Categories: Big Data

Quick Cheat Sheet for Big Data Technologies

This article represents quick details on some of the key open-source technologies (tools & frameworks) associated with Big Data. The objective of this article is to present quick details on open-source tools & frameworks in a well-categorized manner using top-down approach where data engineering and data science aspects of Big Data is associated with relevant tools & framework. Most of these tools and frameworks could be found with commercial Hadoop distributions such as Cloudera, Hortonworks, MapR etc. Please feel free to comment/suggest if I missed to mention one or more important frameworks. Also, sorry for the typos.
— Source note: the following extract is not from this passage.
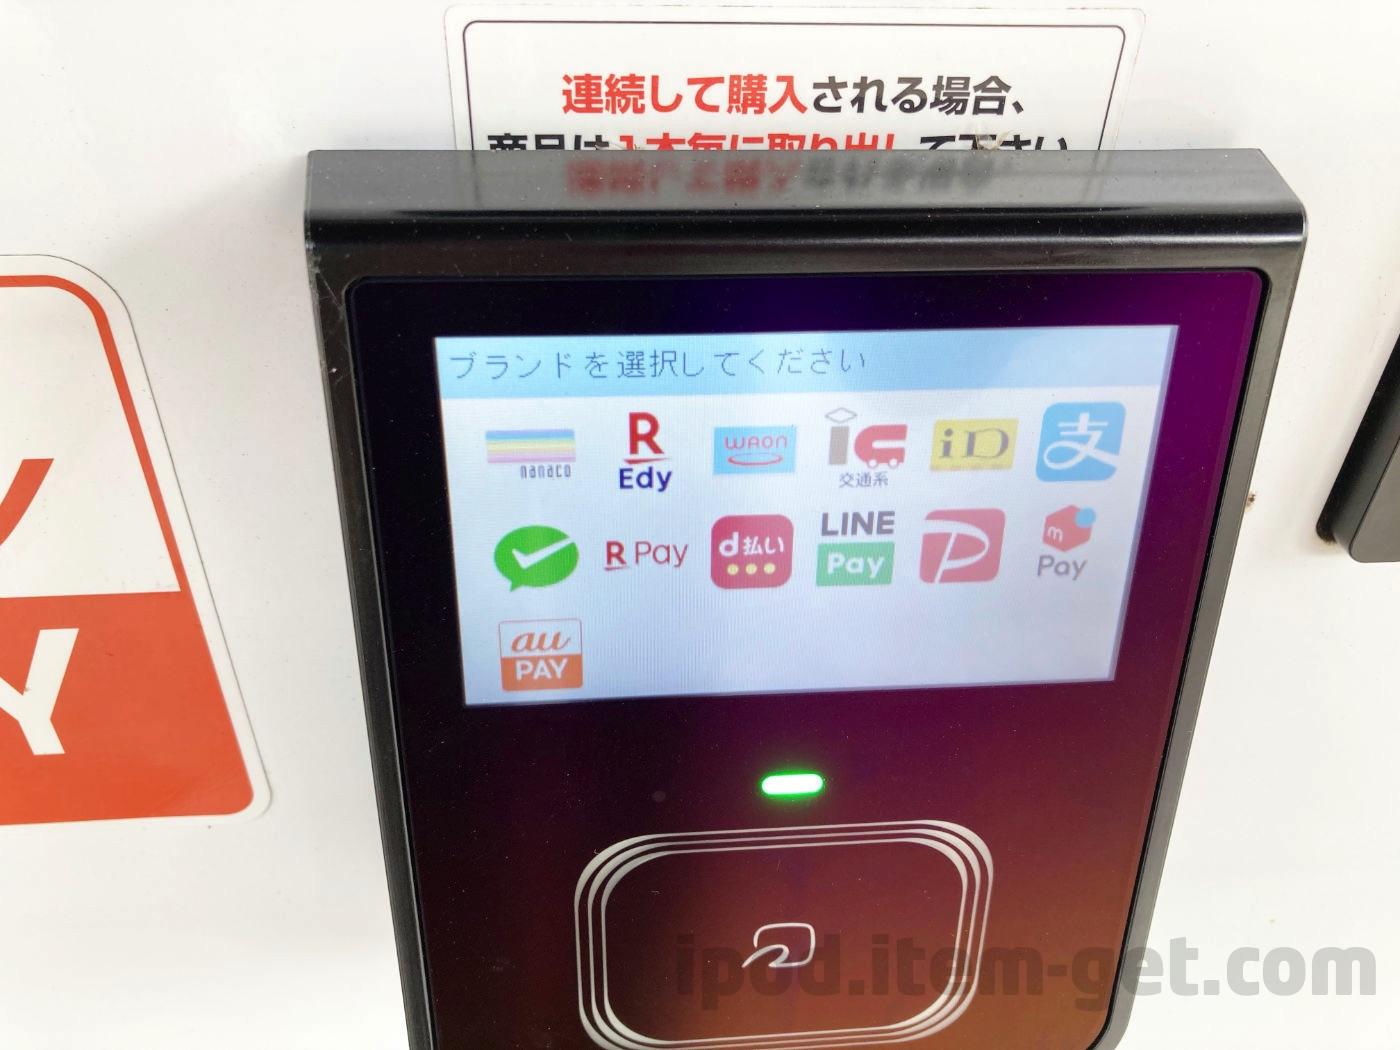 QRcode jihanki vendingmachine 01

Following is the key classication of tools/frameworks that have been briefed later in this article:

Data Engineering
- Data collection/aggregation/transfer
- Data processing
- Data storage
- Data access
- Data coordination
Data Science
- Machine Learning (Data analytics)

Key Open-Source Data Engineering Technologies

Following is the list of open-source tools and frameworks which are used to achieve several requirements of data engineering:

Data collection/aggregation/transfer
- Data collection/aggregation from streaming sources
  - Apache Flume: Collection of libraries for collecting, aggregating and moving data from different sources, such as Web Server Logs, into HDFS or HBase in real-time.
- Data transfer between Hadoop & RDBMS systems
  - Apache Sqoop: A tool used for efficiently transferring bulk data between Apache Hadoop and structured datastores such as relational databases.
Data processing
- Apache Hadoop: A framework, forming the core of Big Data technologies, is used for the distributed processing of large data sets across clusters of computers. Following are some of the key components:
  - Hadoop Distributed File System (HDFS™): A distributed file system that provides high-throughput access to application data
  - Hadoop MapReduce: Parallel Processing of large data sets
  - Hadoop YARN: A framework for job scheduling and cluster resource management.
  - Hadoop Common: Common utilities that support the other Hadoop modules
- Apache Spark: An in-memory data processing engine which could handle large-scale data processing in an easy manner.
- Apache Crunch: A framework for writing, testing, and running MapReduce pipelines
- Apache Oozie: A workflow scheduler system to manage Hadoop jobs.
- Apache Avro: A data serialization system
Data storage
- HDFS: HDFS, being part of Apache Hadoop framework, is a distributed file system that provides high-throughput access to application data.
- Apache HBase: A distributed, scalable, data store that could be ideally used for random, realtime read/write access to the Big Data of the size such as billions of rows with millions of columns.
Data access
- Apache Hive: A framework for querying and managing large datasets residing in distributed file storage systems.
- Pig: A platform for analyzing large data sets that consists of a high-level language for expressing and evaluating data analysis programs.
- Hue: A web interface for analyzing data with Apache Hadoop. An open-source product developed by Cloudera.
- Apache DataFu: Libraries for large-scale data processing in Hadoop and Pig. The libraries could be further categorized into following manner:
  - Collection of useful user-defined functions for data analysis in Apache Pig
  - Collection of libraries for incrementally processing data using Hadoop MapReduce.
Data coordination
- Apache Zookeeper: Highly reliable distributed coordination service which is used for maintaining configuration information, naming, providing distributed synchronization, and providing group services to applications such as HBase.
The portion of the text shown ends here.